Thanks Isaac for providing such a detailed explanation. I understand now
why generator expressions make more sense.

I just wish that generator expressions had been designed into the
language without going the way of list comprehension -> generator
expressions.
 
A

Alex Martelli

Mahesh Padmanabhan said:
What is "Python's applicative order evaluation" and how do generator
expressions get around it?

I see you've received several answers but it doesn't seem that they
address this point, so let me try.

Python, like most programming languages, specifies that evaluation is in
"applicative order": each argument to a function (or operator, etc) is
entirely evaluated before the function executes (Python, like several
other languages, makes a specific ad hoc exception for 'short-circuiting
operators', namely 'and' & 'or', which may entirely omit evaluating one
argument in some cases). This is also known as 'strict' or 'eager'
evaluation and by other names yet (some draw subtle distinctions between
the exact connotation of such names but for simplicity we'll treat them
as synonyms, and similarly for terms introduced in the next paragraph).

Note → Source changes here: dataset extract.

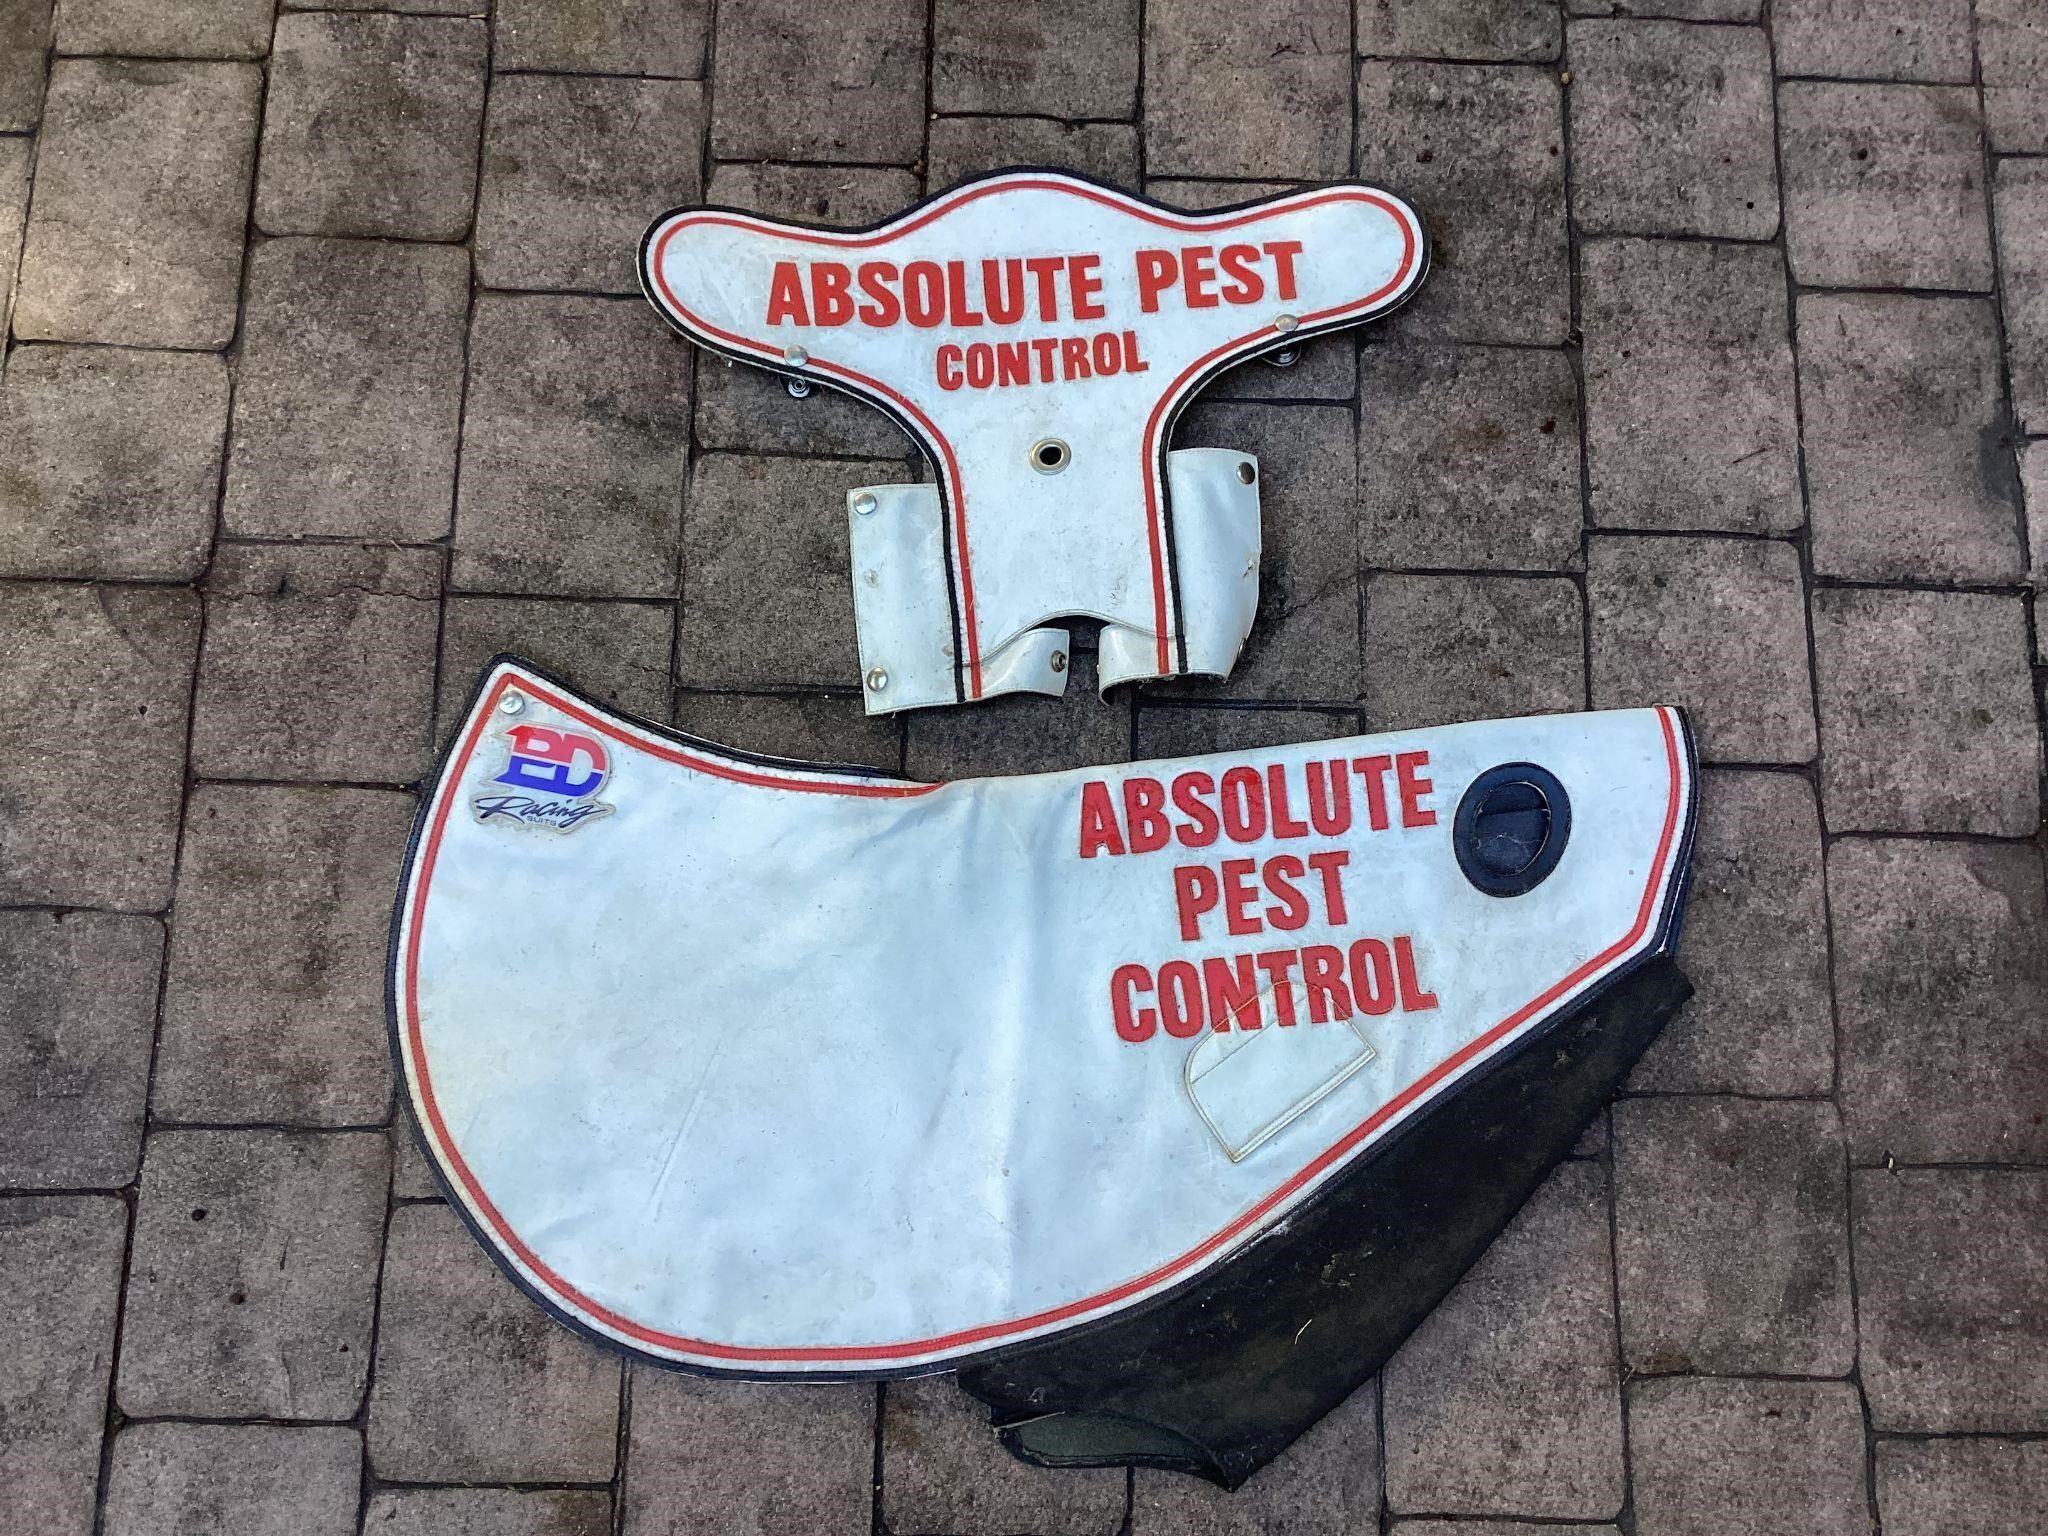 Absolute Pest Control Fork & Bike Covers

Haskell, where the concept of list comprehensions originated, is
different than most languages: Haskell specifies that evaluation is in
"normal order" -- each argument and PART of an argument is evaluated at
the time, if ever, at which that value is needed to compute. This is
also known as 'non-strict' or 'lazy' evaluation. The reason this
feature of Haskell is pretty unusual is that implementing it is somewhat
complicated and costly -- in a lazy-evaluation language's implementation
there are typically plenty of 'thunks' of code being stashed here and
yon for possible future execution. I don't even know of any lazy
evaluation language that does not rely on the crucial simplification of
the computation environment given by 'functional programming' aka FP
(basically, the idea that all objects are immutable -- a program
computes new objects, it never mutates existing objects)... and Python
is not a FP language (it crucially uses mutable data, particularly
mutable lists), so it would be astonishing if Python had the kind of
generalized support for lazy evaluation that you see in Haskell.

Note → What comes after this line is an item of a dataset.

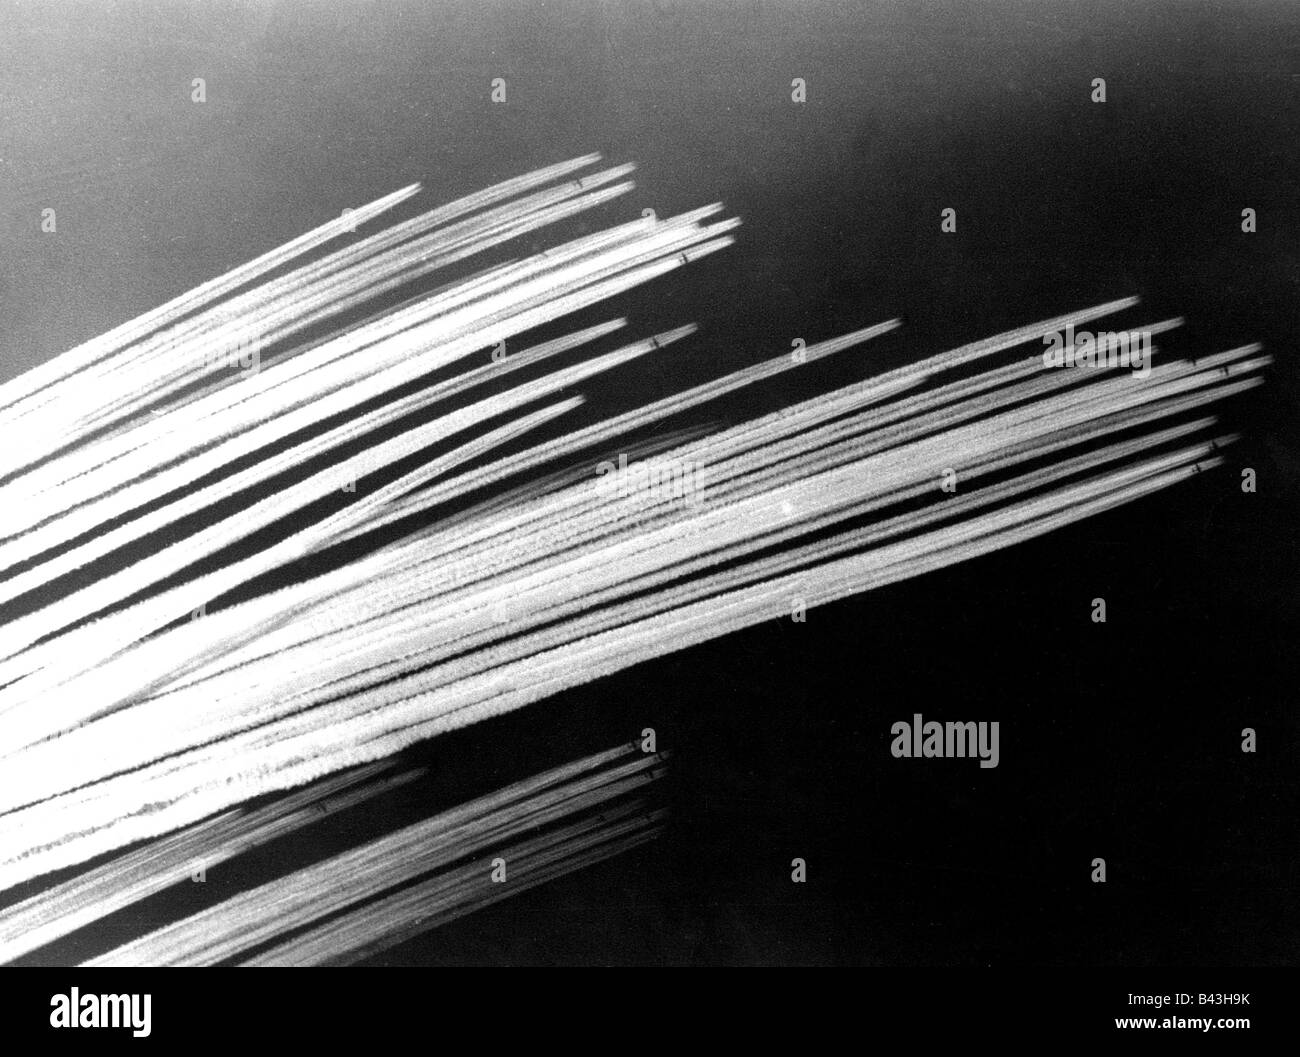 events, Second World War / WWII, aerial warfare, aircraft, US bomber formation in the air, condensation trails, circa 1943 / 1944, Stock Photo

So, Python copied Haskell's list comprehensions, but didn't (couldn't,
probably!) copy the lazy evaluation aspect. So, whenever Python
evaluates a LC, it evaluates it fully -- it necessarily materializes the
whole list in memory, say N items' worth. This is intrinsically O(N) in
space and therefore AT BEST can be O(N) in time (it will be worse than
O(N) unless each step is constant-time, i.e. O(1)...!). This doesn't
apply to Haskell, thanks to lazy evaluation -- in Haskell, each item of
a list comprehension will be evaluated only if and when it's needed,
just like any other operand/arguments/etc... but Python can't do that.

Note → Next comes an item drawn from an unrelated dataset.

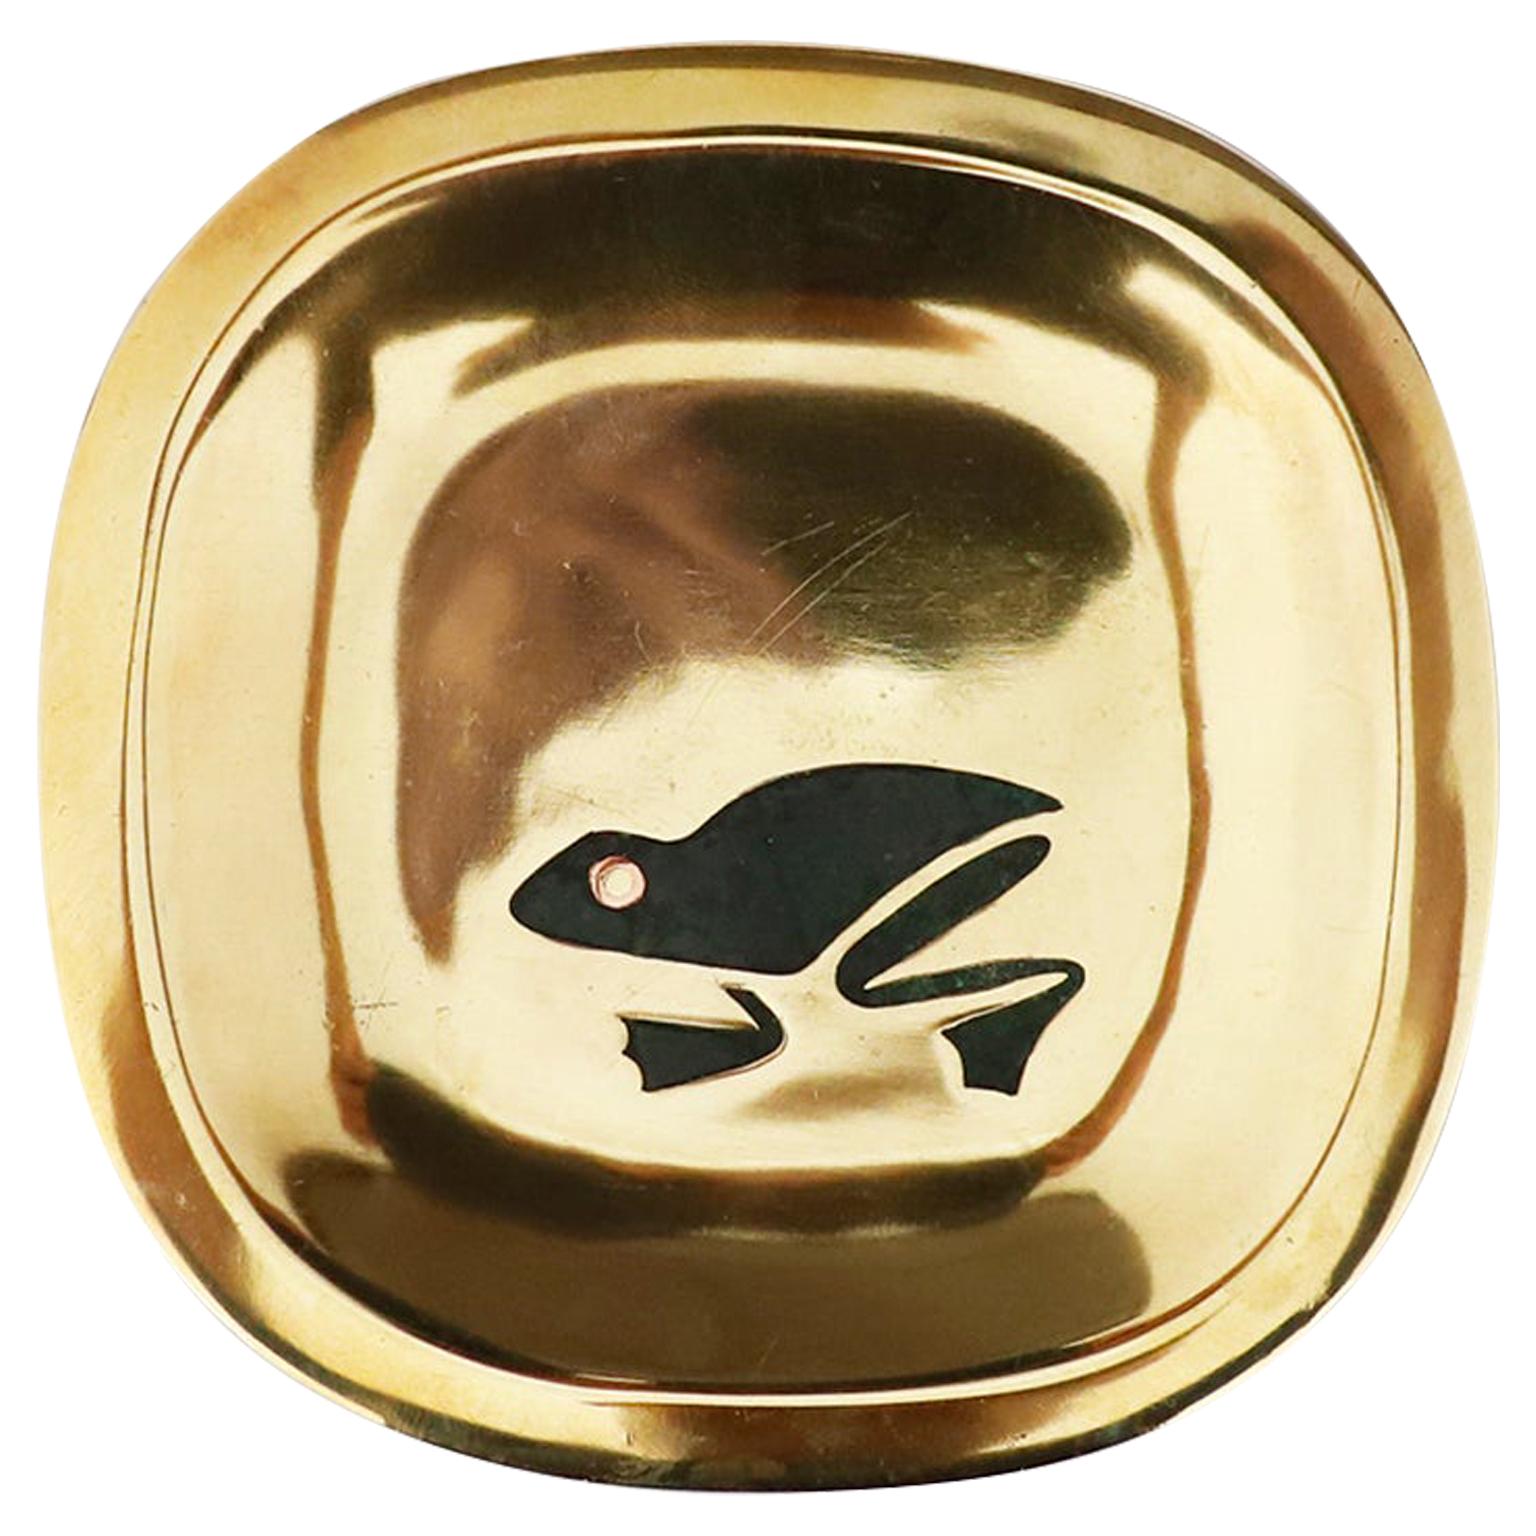 Petite Brass Dish with Frog Motif by Los Castillo

Which is why Python 2.4 introduced generator comprehensions -- in a way
a closer match to Haskell's list comprehensions, than Python's own LCs!
That's because generators play the role of 'thunks' -- pieces of code
hanging out there in suspended animation, ready for a bit more execution
if and when needed -- for the specific but crucially important case of
sequential iteration over (some prefix of) the items of a (potentially
unbounded) sequence [[a case which you will also find in other
programming models under such names as 'streams' -- Unix pipes also
implement some part of that, with various processes in a pipeline
playing the role of the thunks in this case...]]. Generators (and more
generally iterators, and more specifically generator comprehensions)
give Python "just enough lazy evaluation to get by" -- without paying
the full conceptual and practical costs in switching to "full laziness"
(and totally immutable data), Python thereby nevertheless gets the
ability to express some (vast and important) subset of those algorithms
which non-strict evaluation makes so elegant to express.


Alex
 
A

Alex Martelli

Mahesh Padmanabhan said:
[snip]

Thanks Isaac for providing such a detailed explanation. I understand now
why generator expressions make more sense.

I just wish that generator expressions had been designed into the
language without going the way of list comprehension -> generator
expressions.

It would sure be nice if Python had been born back from day one with all
the neat features it has taken years to develop -- that way we wouldn't
have any issues that are there just because of backwards compatibility.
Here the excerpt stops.